Farag H.K.,National Research Center of Egypt |
Hegab K.H.,National Research Center of Egypt |
Hegab K.H.,Gazan University |
Zein El Abedin S.,National Research Center of Egypt |
Zein El Abedin S.,Clausthal University of Technology
Journal of Materials Science | Year: 2011
Zirconia and mixed zirconia/titania were synthesized in two different ionic liquids, namely, 1-butyl-1-methylpyrrolidinium bis(trifluoromethylsulfonyl) amide ([BMP]TFSA) and 1-ethyl-3-methylimidazolium bis(trifluoromethylsulfonyl) amide ([EMIm]TFSA) using sol-gel methods.

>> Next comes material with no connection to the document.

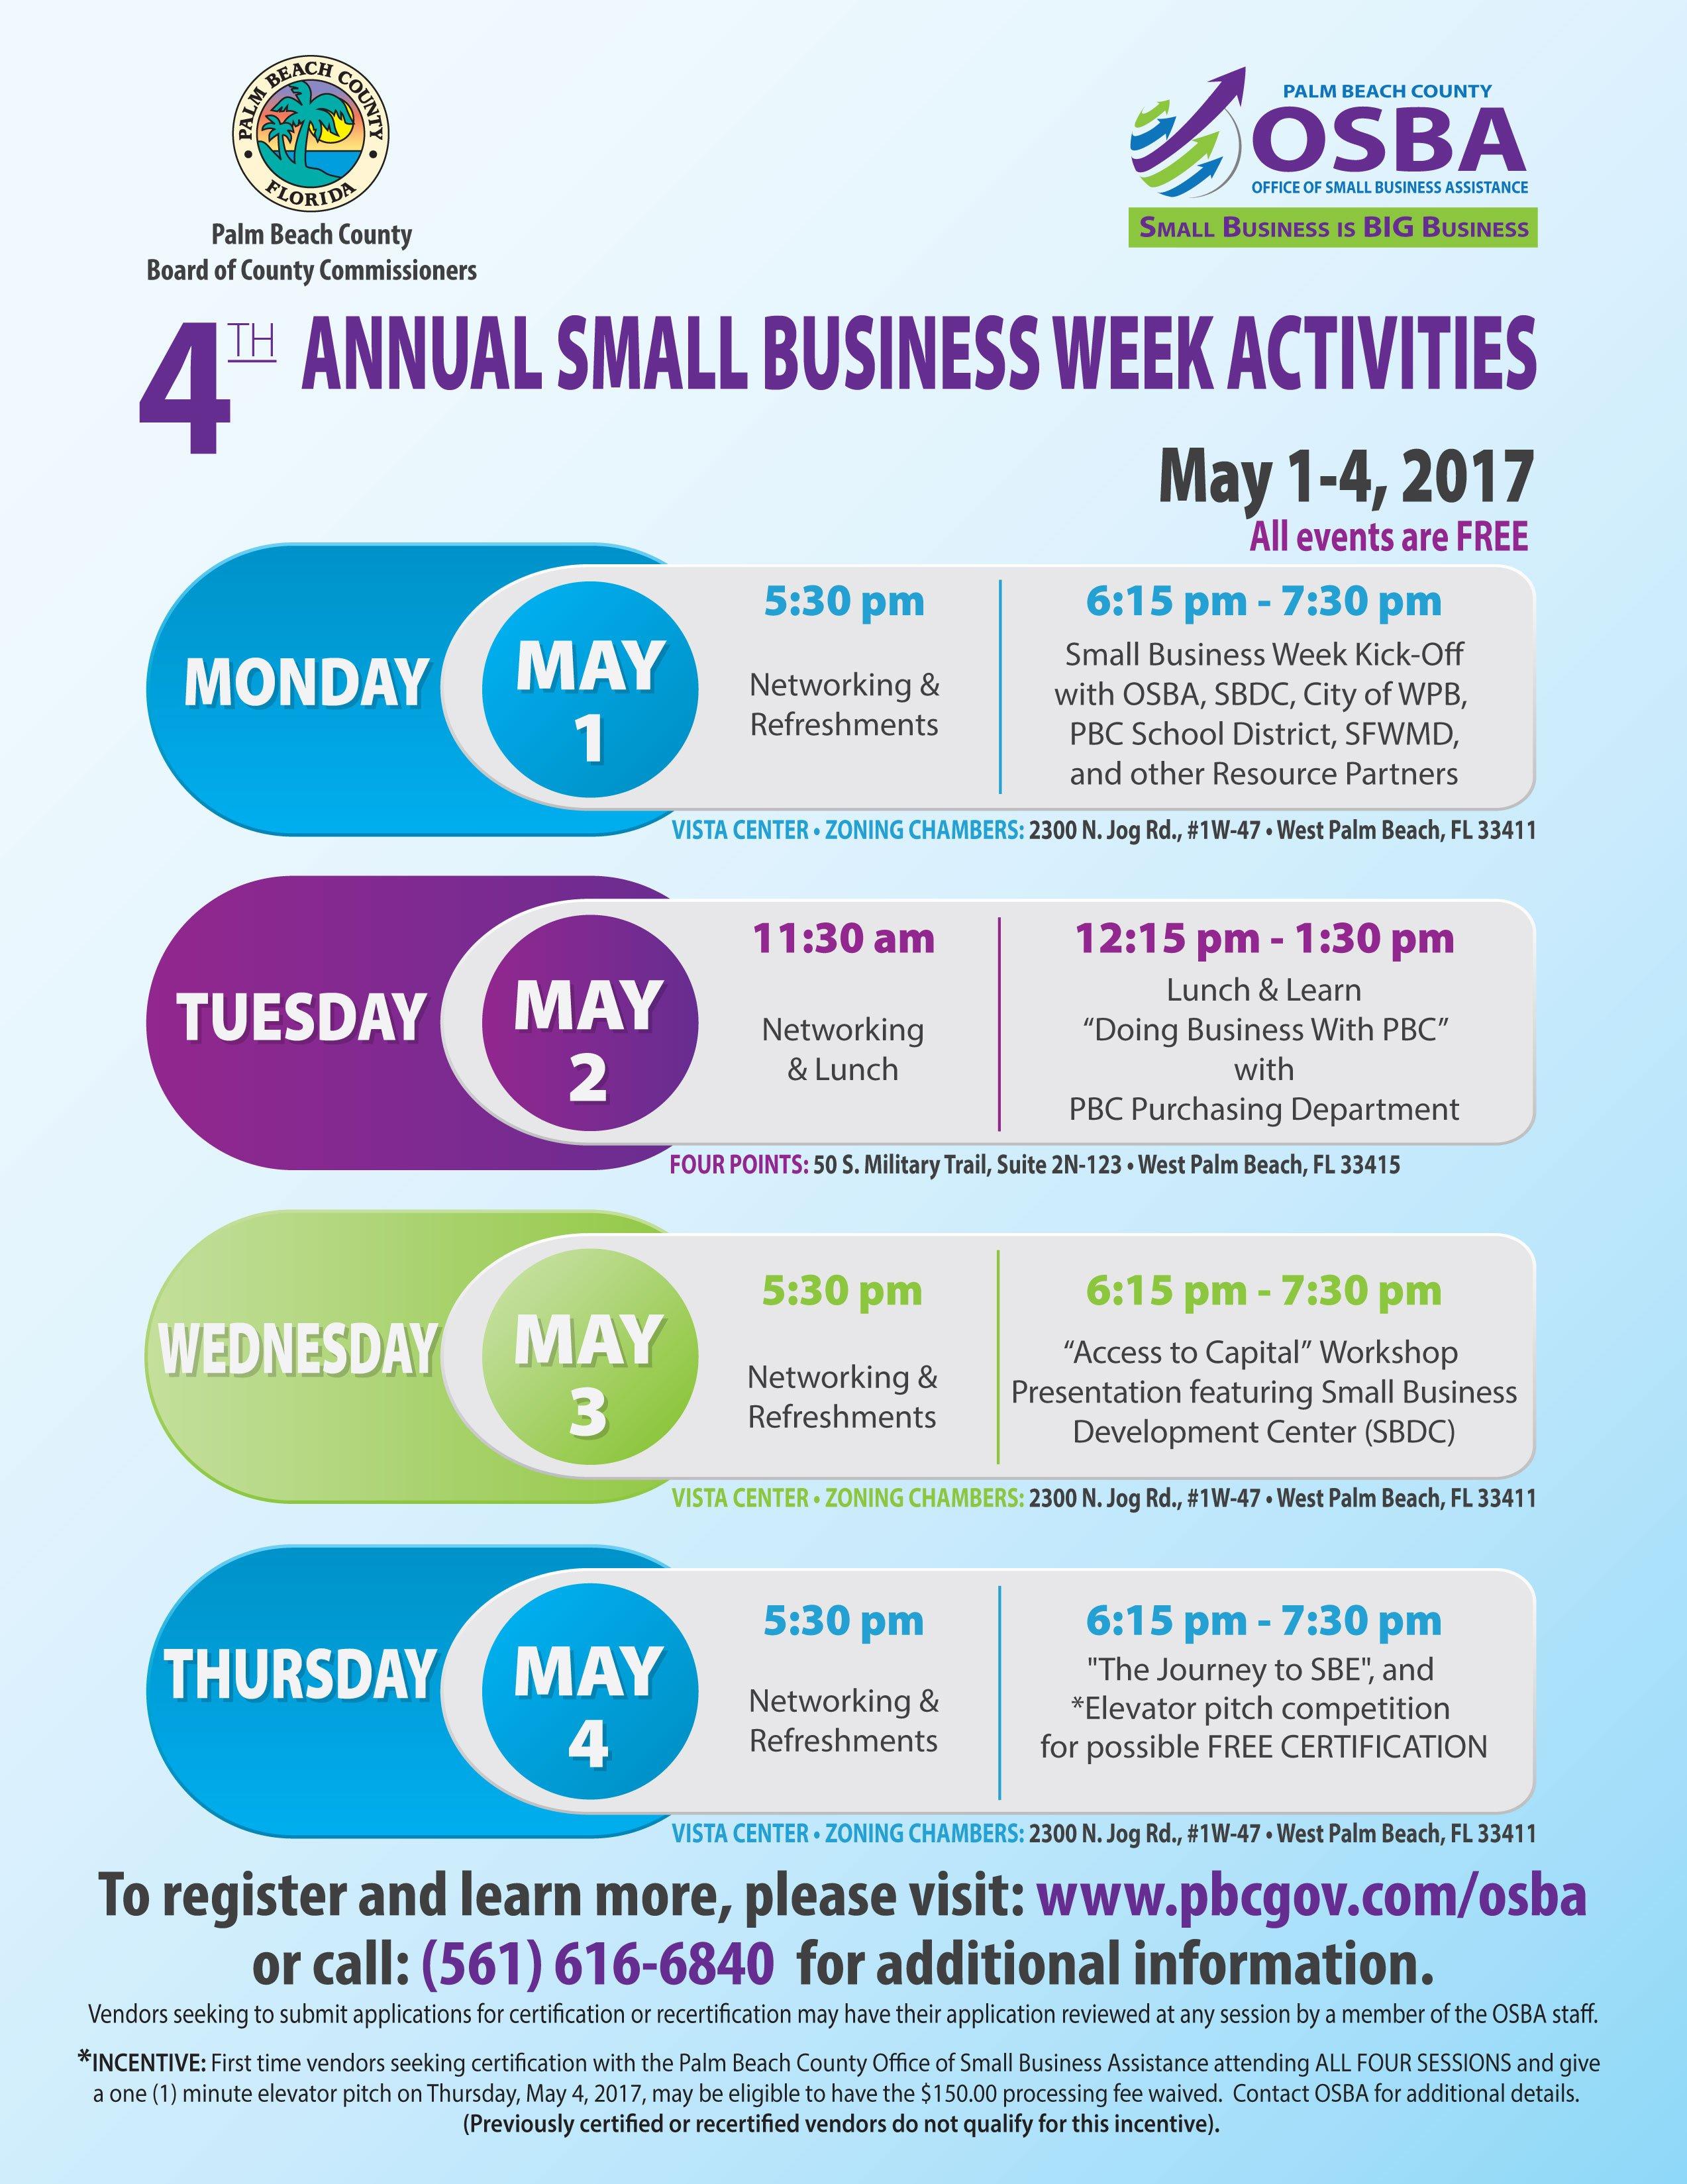 OSBA_Small-Business-Week-20

The synthesized oxides were characterized by means of X-ray diffraction, scanning electron microscopy with energy dispersive X-ray (SEM-EDX)), thermogravimetric and differential thermal analyses (TGA-DTA). The results show that the as-synthesized ZrO 2 powders obtained either in [BMP]TFSA or in [EMIm]TFSA show amorphous behaviour, and calcination at 500 °C yields t-ZrO 2 which is subject to further phase transformation to m-ZrO 2 at 1000 °C. The type of the ionic liquid influences the morphology of the synthesized zirconia as the sample obtained from [BMP]TFSA showed a porous morphology with very fine particles in the nanometer regime, whereas micro-rods were obtained from [EMIm]TFSA. ZrO 2-TiO 2 nanorods with an average diameter of about 100 nm were synthesized in [EMIm]TFSA. The presence of zirconia in the mixed oxides stabilizes the anatase phase and elevates the temperature at which the phase transformation to rutile occurs. © 2011 Springer Science+Business Media, LLC.